*** Given information Section Begins ***
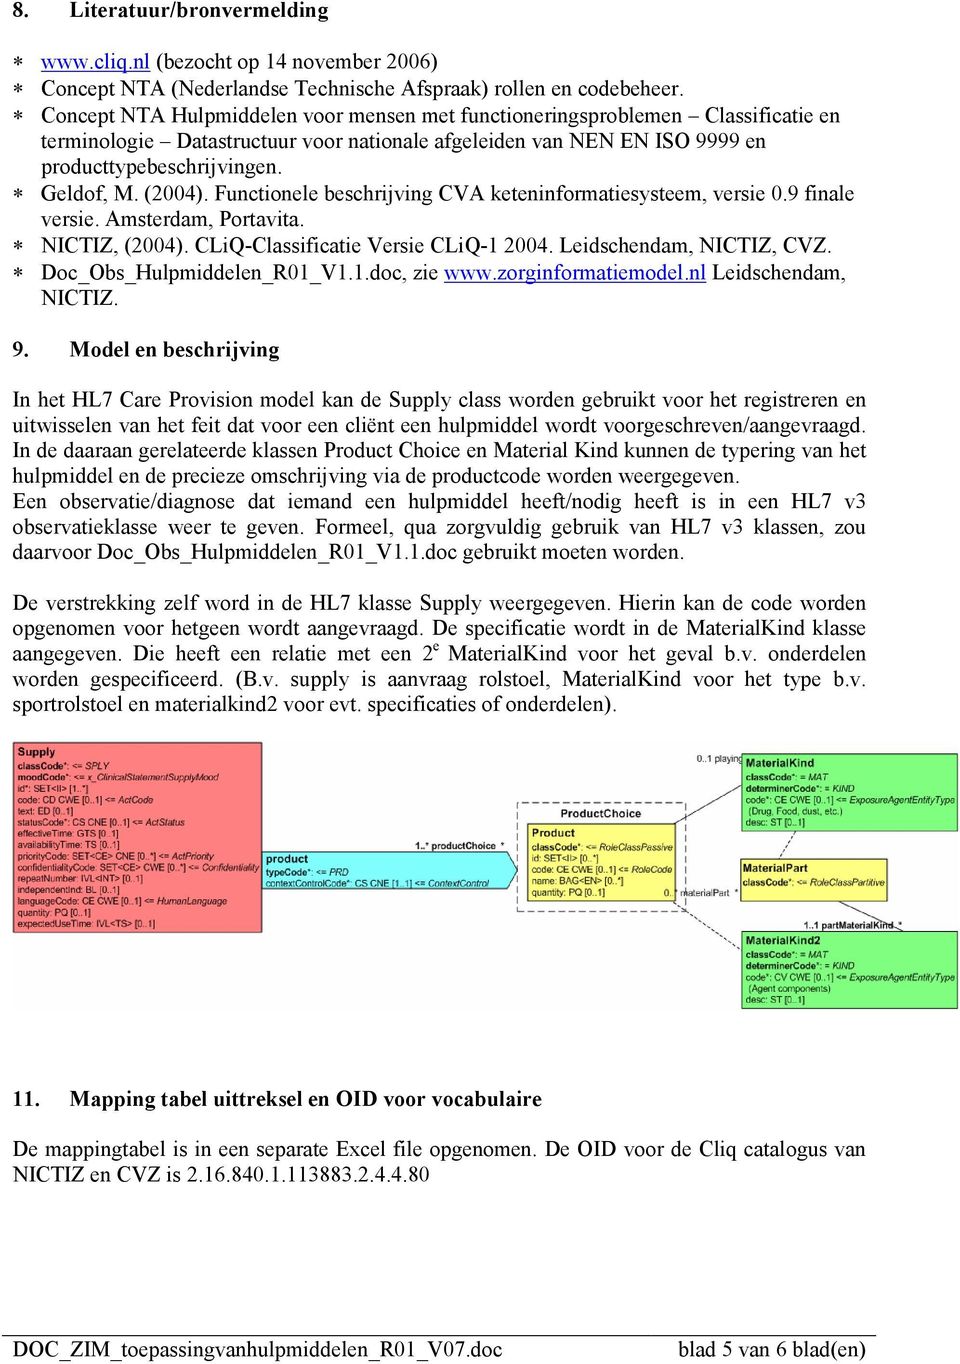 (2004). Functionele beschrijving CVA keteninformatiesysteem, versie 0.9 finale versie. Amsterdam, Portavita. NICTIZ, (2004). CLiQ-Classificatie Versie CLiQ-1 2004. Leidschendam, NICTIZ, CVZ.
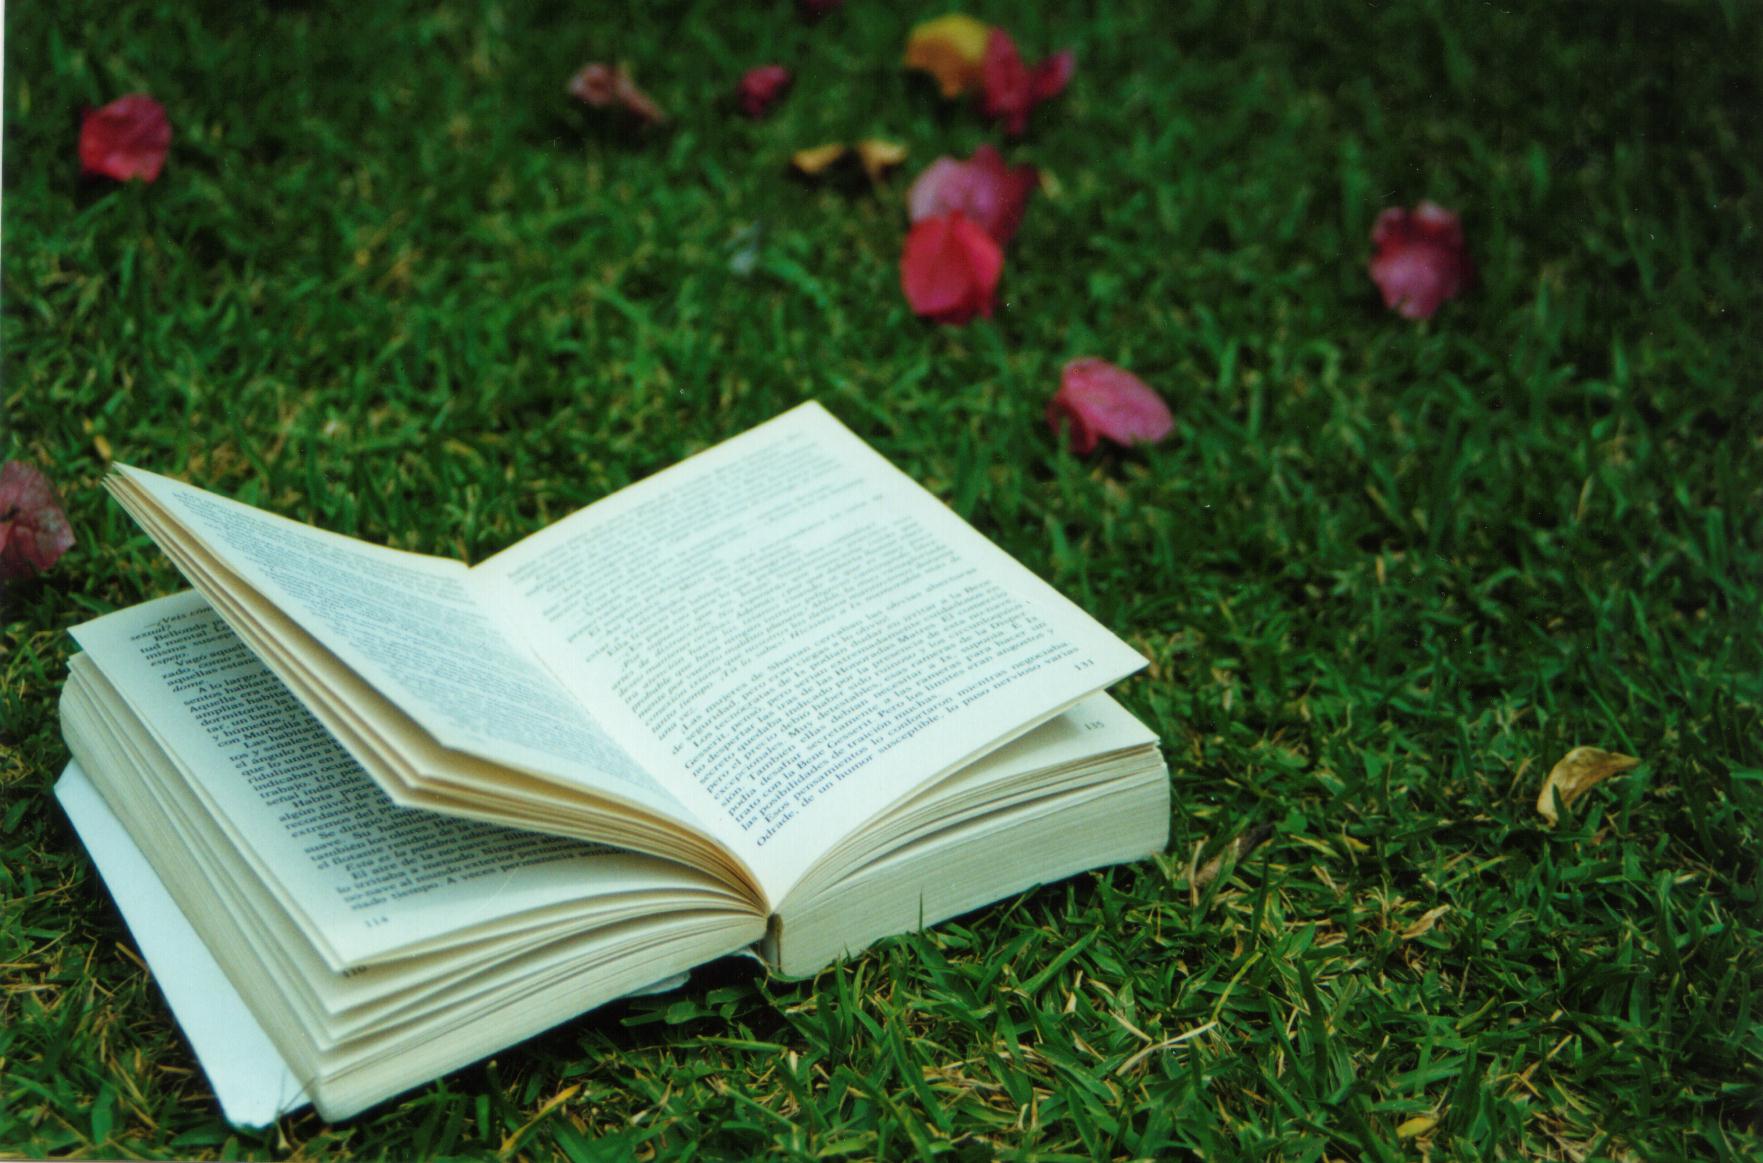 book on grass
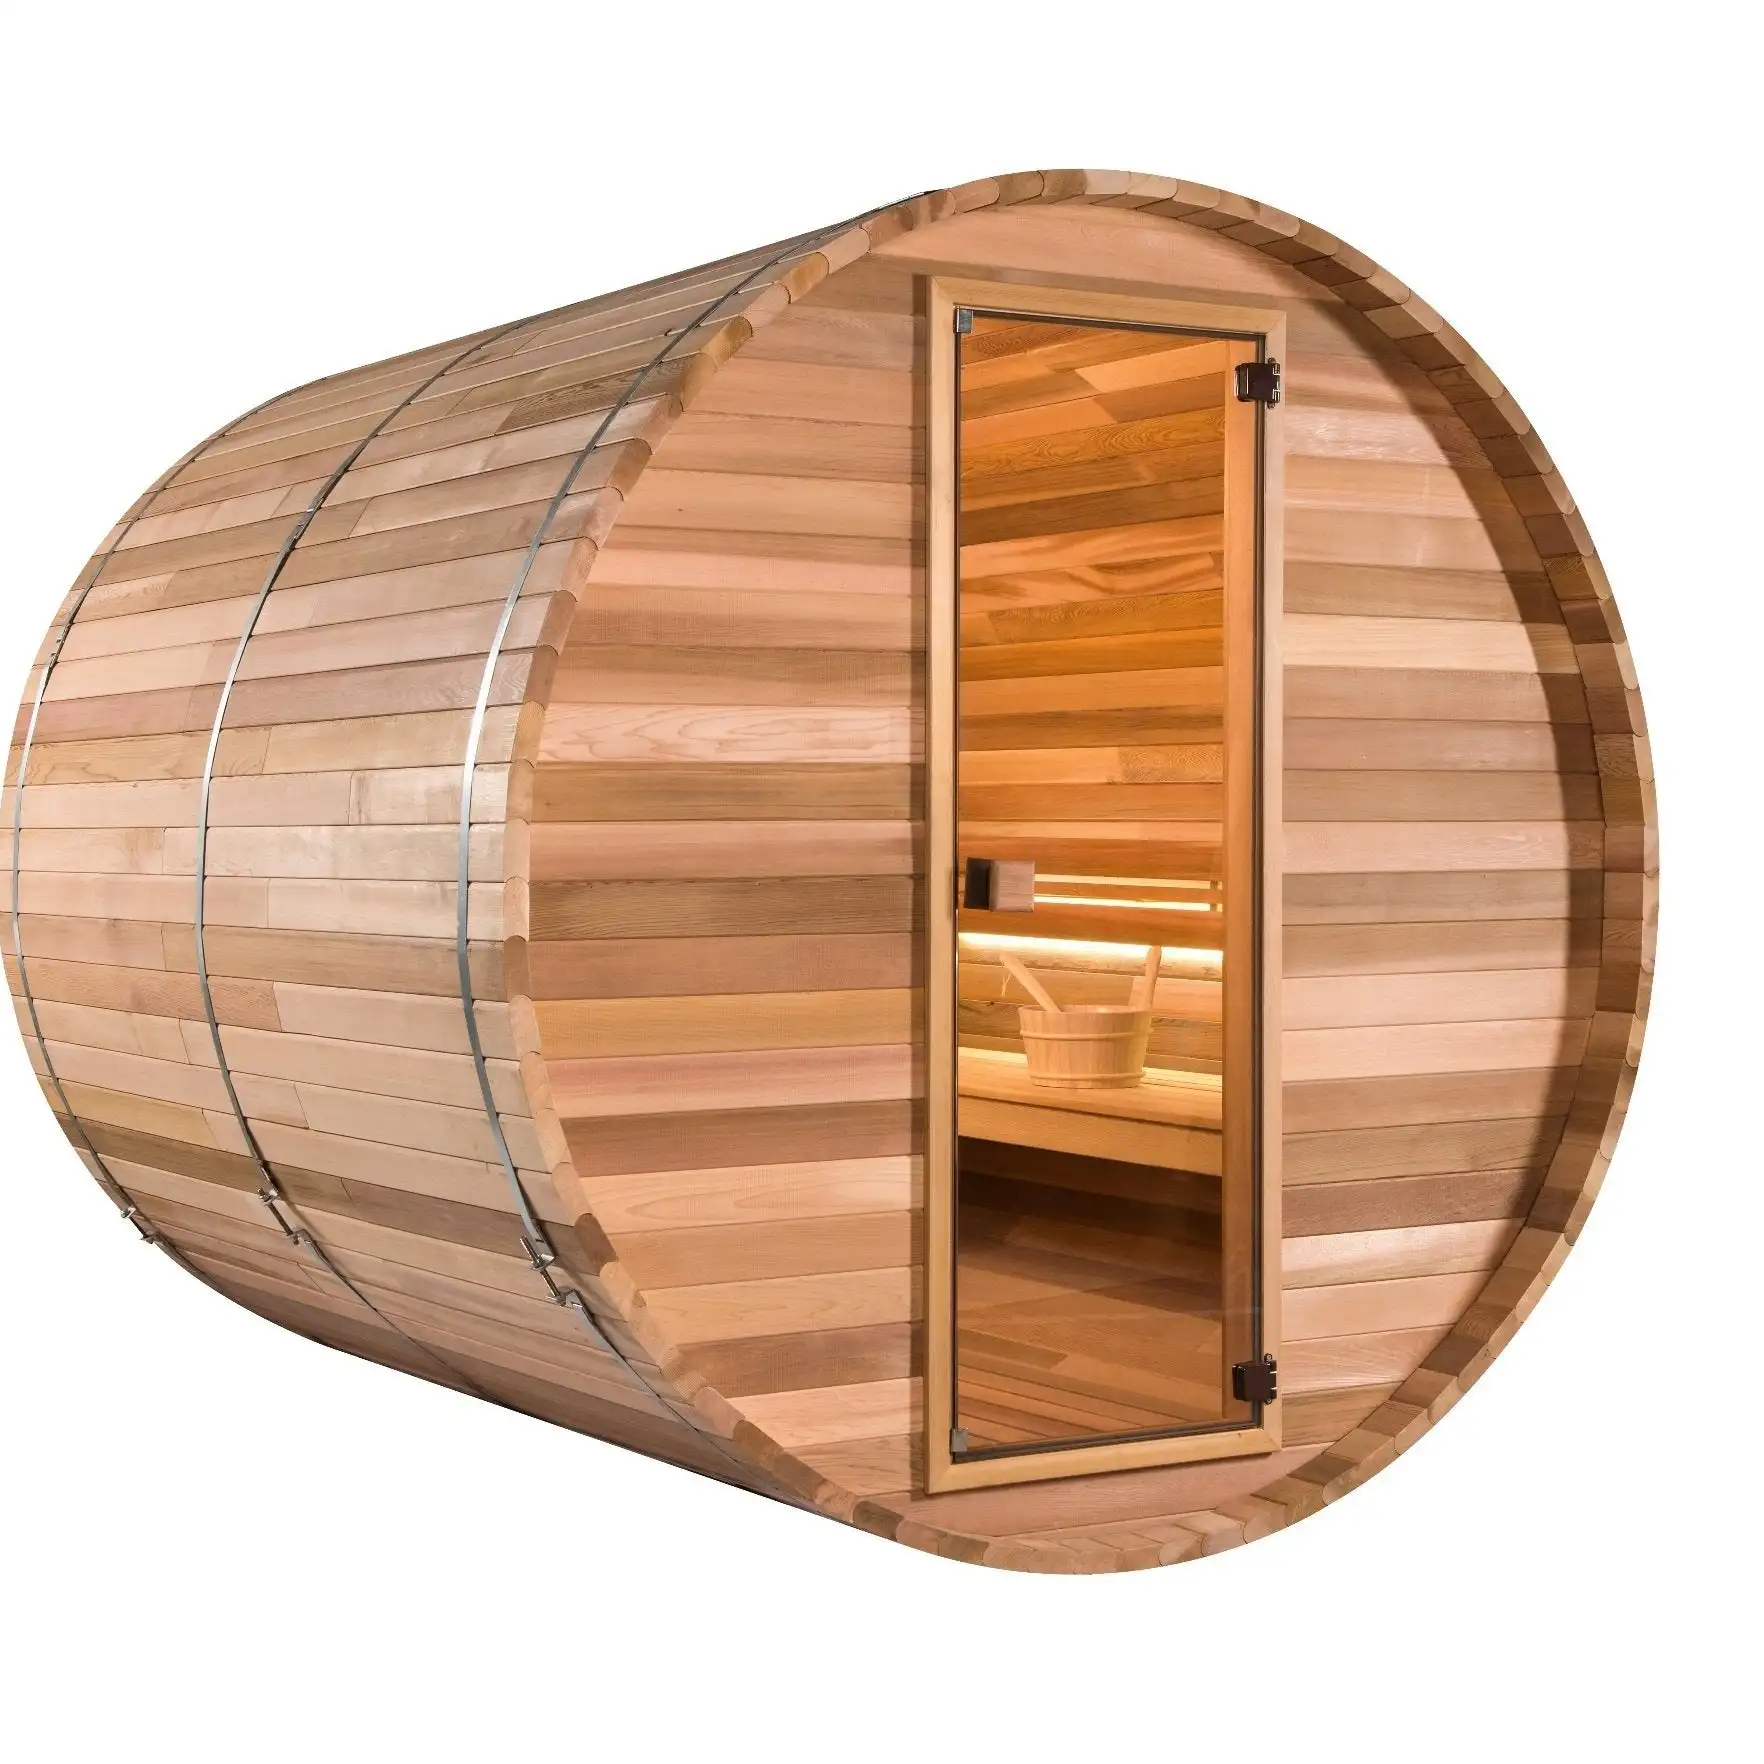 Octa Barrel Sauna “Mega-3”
*** Given information Section Ends ***
> **Task instructions**: Using the material above, set down every line exactly, but skip the pictures.

> **Result of the exercise**:
 (2004). Functionele beschrijving CVA keteninformatiesysteem, versie 0.9 finale versie. Amsterdam, Portavita. NICTIZ, (2004). CLiQ-Classificatie Versie CLiQ-1 2004. Leidschendam, NICTIZ, CVZ.
 book on grass
 Octa Barrel Sauna “Mega-3”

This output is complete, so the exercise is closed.